Several bullets hit aviation fuel storage tanks at nearby McCarran International Airport, but the tanks did not explode. Authorities reported finding about 4,000 unused bullets in Paddock’s two-room suite, including incendiary rounds that Lombardo said were not used.
Investigators found 23 guns in the rooms, including 12 rifles that a federal Bureau of Alcohol, Tobacco and Firearms official said were fitted with “bump stock” devices that allowed rapid-fire shooting similar to fully automatic operation.
Paddock killed himself with a gunshot to the mouth before police reached him. The 64-year-old retired accountant and multimillionaire real estate investor had earned hotel upgrades as a high-stakes video poker gambler at several Las Vegas casino resorts.
Danley was in the Philippines at the time of the shooting.
Lombardo and Aaron Rouse, FBI agent in charge in Las Vegas, had described Danley as a person of interest in the investigation but not a suspect.

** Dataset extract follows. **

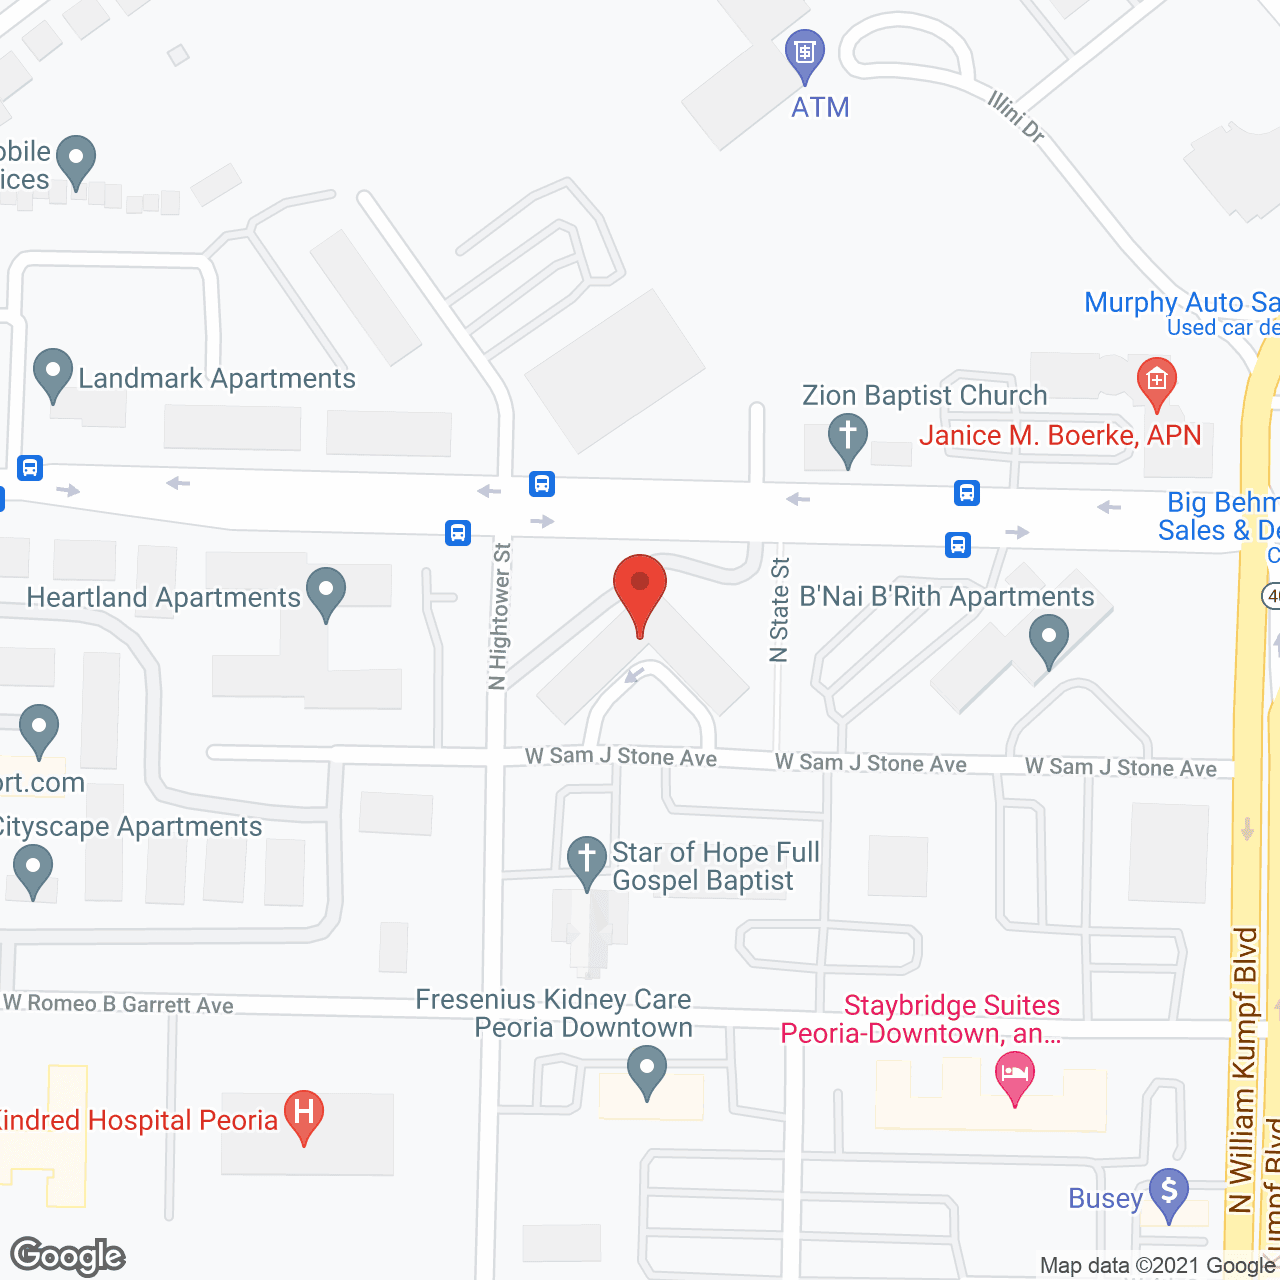 B'Nai B'Rith Apartments in google map

She was questioned by the FBI when she arrived in Los Angeles from overseas, and was described as cooperating with investigators.

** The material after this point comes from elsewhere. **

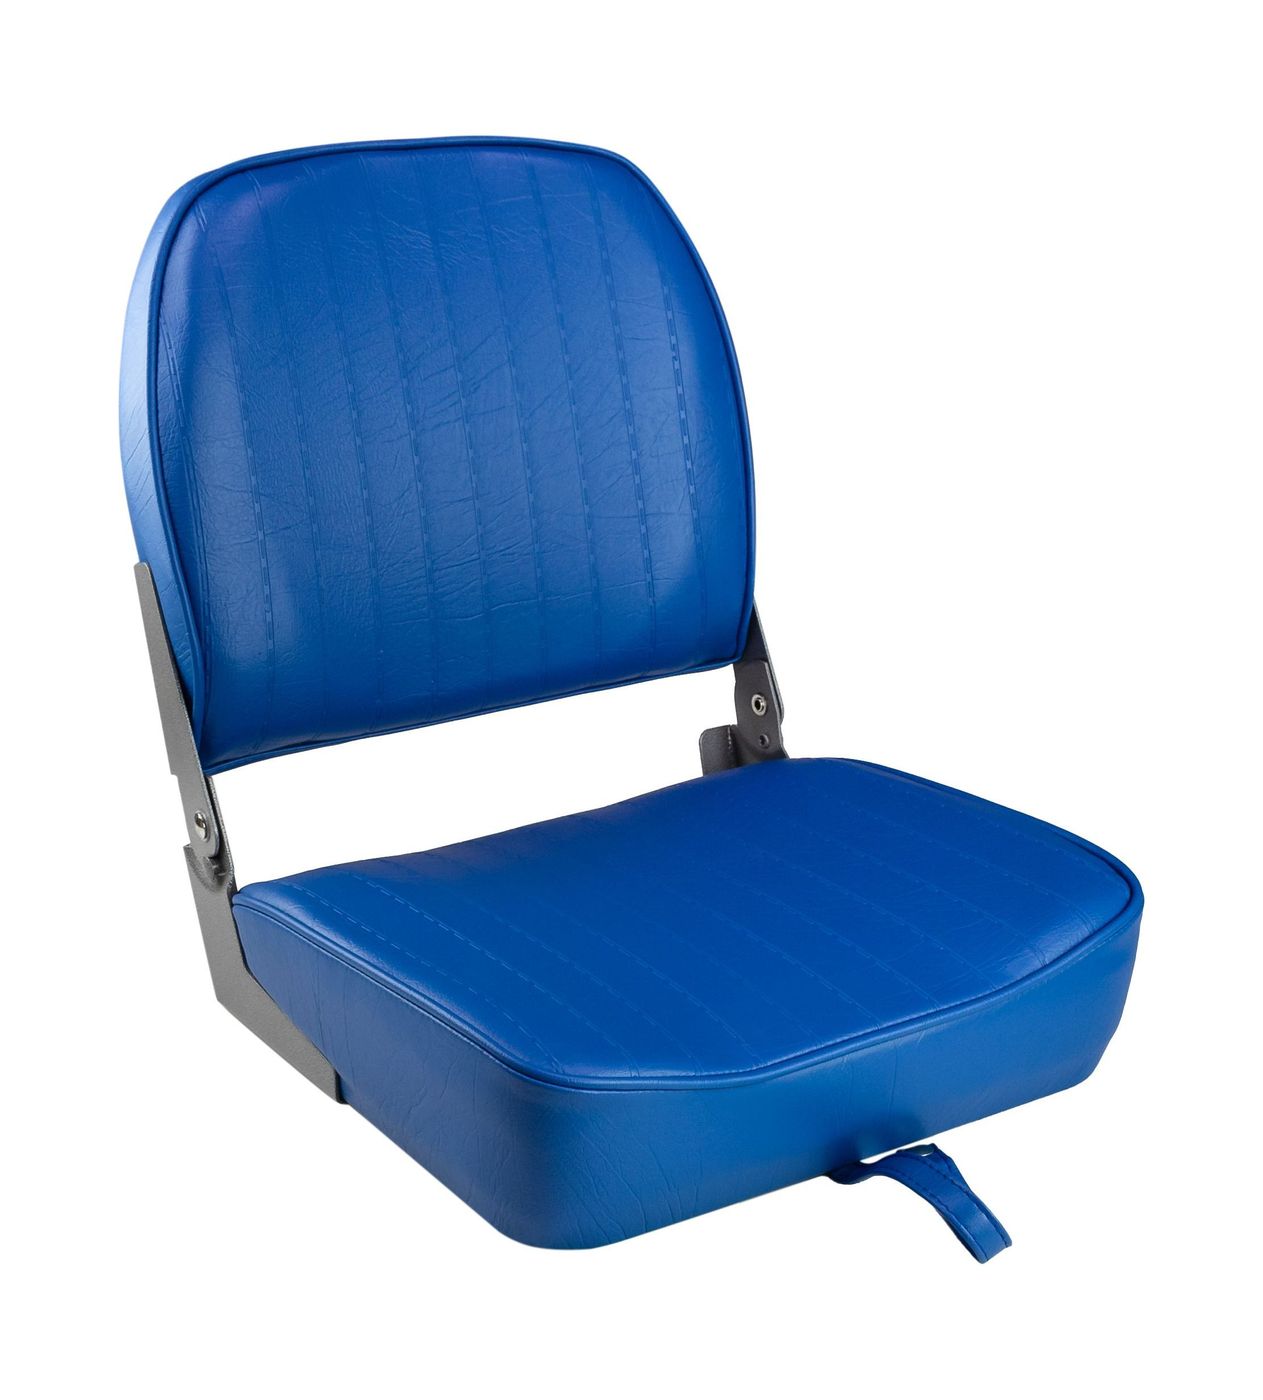 Кресло складное мягкое ECONOMY с низкой спинкой, цвет синий 1040621 кресло складное мягкое economy с низкой спинкой обивка камуфляжная ткань 1040627

However, a document filed Oct. 6 and unsealed last Friday by a federal judge in Las Vegas said the FBI considered Danley “the most likely person who aided or abetted Stephen Paddock.”
Questions have been raised about Danley’s receipt in the Philippines of a $10,000 wire transfer from Paddock just days before the shooting.
Danley told investigators that over the course of the past year, Paddock had become “distant” and their relationship was no longer intimate, the report says. She described him as “germophobic” and said he had strong reaction to smells. She said he had begun to buy firearms over the course of the last year and that Danley believed it was a “hobby” of his.
Danley, according to the report, said the couple had stayed at the Mandalay Bay in the beginning of September 2017 in a room overlooking Las Vegas Village venue. She said Paddock was behaving strangely, constantly looking out windows and moving from window to window to look at the site from different angles.
FBI warrant documents also showed that Danley told investigators that they would find her fingerprints on bullets used during the attack because she would sometimes help Paddock load high-volume ammunition magazines, and that Danley deleted her Facebook account in the hours immediately following the shooting.
The Clark County coroner ruled that all 58 people killed in the attack died of gunshot wounds. Paddock’s death was ruled a suicide. Media organizations including The Associated Press are seeking autopsy records that have not been made public.